If no validator exists for a handler (it has no schema), validation silently passes. This is intentional — validators are opt-in.

Error types​

Two error variants cover validation failures:

RunWorkflowError::InvalidSchema — the embedded JSON Schema itself is malformed (not valid per the JSON Schema specification). Caught at workflow init. Example: { "type": "integer", "minimum": "not-a-number" }.

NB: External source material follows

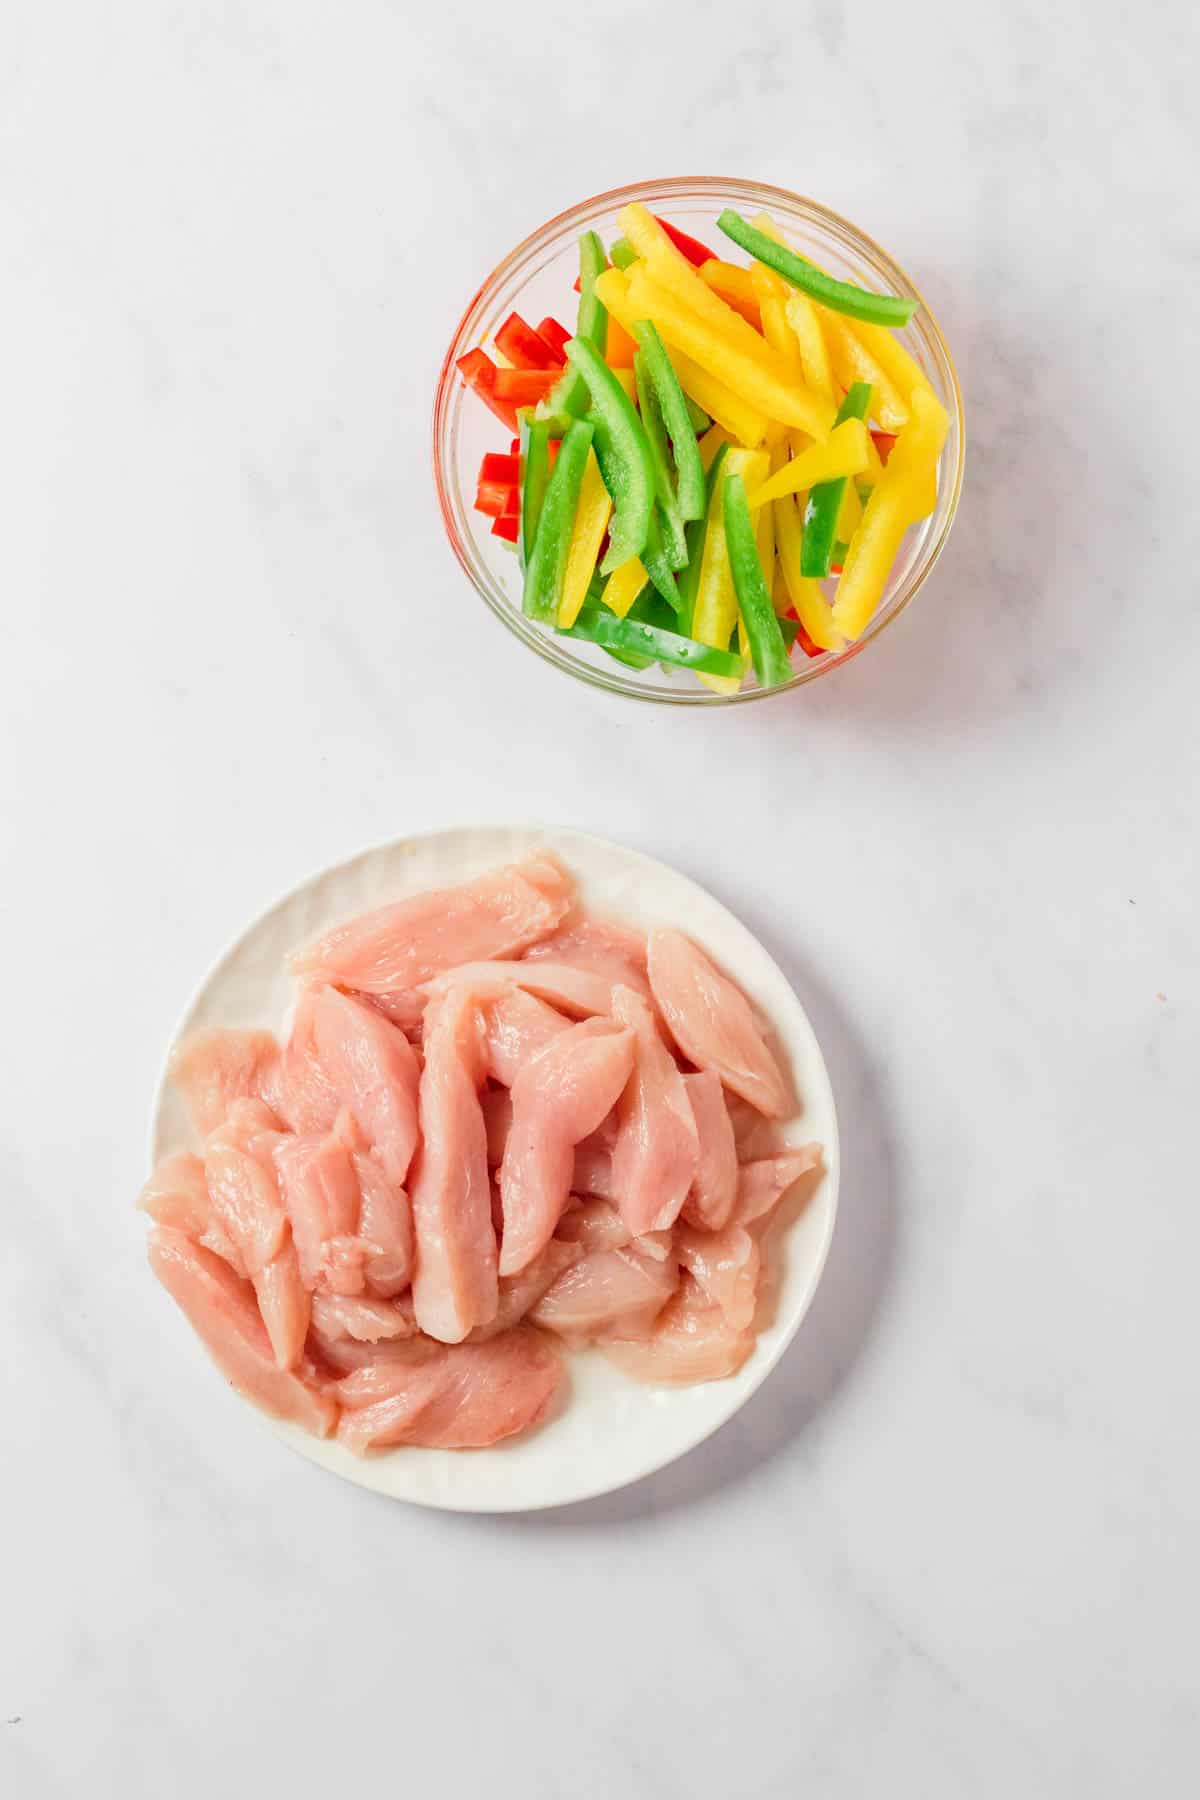 Sliced chicken breast and red, yellow, and green bell peppers.

RunWorkflowError::SchemaValidation — a value failed validation against a well-formed schema. Caught at dispatch or completion. Includes the handler's module path, function name, direction (input/output), and individual validation error messages.

Both are fatal — the workflow terminates immediately. There is no automatic recovery from validation failures. For error recovery, wrap the handler invocation in tryCatch.

Why validate twice?​

Input validation catches mismatches between pipeline steps. The previous handler produced data that doesn't match what this handler expects. Without input validation, the handler would receive malformed data and either crash or produce garbage.

Output validation catches buggy handlers. The handler's implementation doesn't match its declared contract. Without output validation, downstream handlers would receive unexpected data types.

Together, they enforce a contract at every serialization boundary: data entering a handler is valid, and data leaving a handler is valid.